Subsequent musical number “No Good Deed” has just the kind of theatrical editing, bombastic imagery, and outstanding vocals from Erivo’s truly heavenly voice that I watch musical movies for. This jolt in energy carries the production through to the very end, including through the inevitably deeply moving “For Good” performance. Chu and cinematographer Alice Brooks’ sometimes frustratingly stiff camerawork can’t dilute the tune’s tremendous vocals and pathos.

While not everything in this exercise measures up to the first movie, Wicked: For Good’s ravishing production, makeup, and costumes never waver in their exemplary craftsmanship. Pail Tazwell’s inspired designs are especially glorious. From Elphaba’s tattered black outfit to Glinda’s various new extravagant dresses, the attire here would make the costume designers of any classic MGM musical proud. Tazwell’s imaginative concoctions lean fully into the stylized possibilities of innately heightened musical storytelling. Flourishes like these liven up even the slowest sequences.

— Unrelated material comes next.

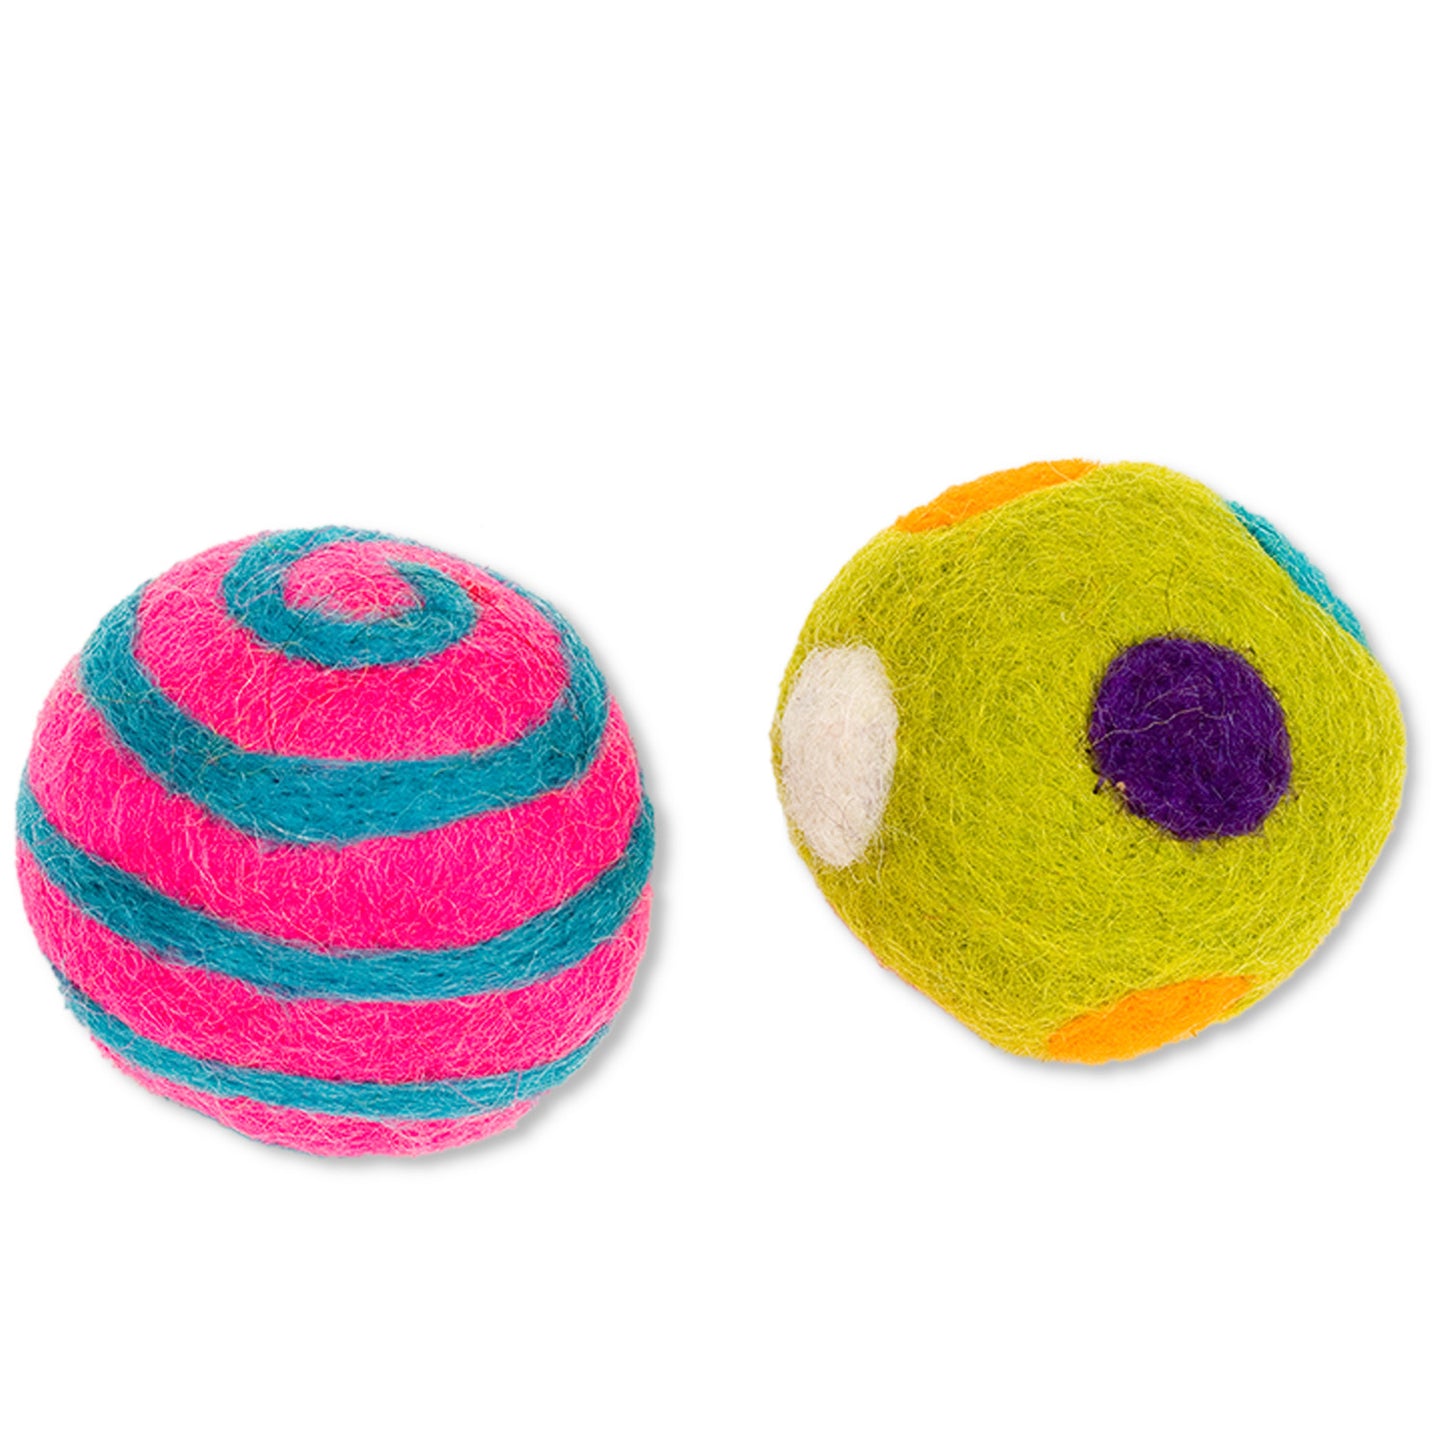 1.5" Balls, Pack of 2 Toys

Ditto Grande’s tremendous performance as a more emotionally complex Glinda. On paper, this white woman’s obliviousness could’ve read as annoyingly naive. In execution, Grande achingly portrays Glinda as an emotionally stunted adult woman, tragically reliant on facades and public approval to feel joy. She’s so heartbreaking in her physicality and facial expressions, especially in the feature’s latter half. With her sublime turn, tangible humanity permeates that famous bubble.

She and Erivo are giving it their all in a frustrating movie too often lethargic for its own good. Considering Powell & Pressburger could make a woman standing in front of a window in The Life and Death of Colonel Blimp visually gorgeous, it’s not like slow has to equal boring. The problem is the execution of that slowness. Going around in circles that offer no further insight leaves one yearning for more fun material. Hinging multiple scenes on expressionless, realistic CG animals also speaks to how fidelity to “reality” often hampers Wicked: For Good. Goodness knows the slower musical numbers would’ve benefited from something like the glorious backdrops seen in Singin’ in the Rain’s dream ballet. Alas, the camera and viewers remain stuck in static concrete domains.
There’s plenty that works, especially with the magnificent lead performances and costumes/sets. Stephen Schwartz’s classic tunes like “Wonderful” still crackle with imaginative lyricism. These elements dazzled my (not-so-inner) theater kid. However, the film geek in me couldn’t ignore how Chu’s cinematic vision too often lacks verve. There’s simply nothing in Wicked: For Good that matches Wicked, especially its “Defying Gravity” high point.
Wicked: For Good is currently dominating theatres with flying monkey-like ferocity.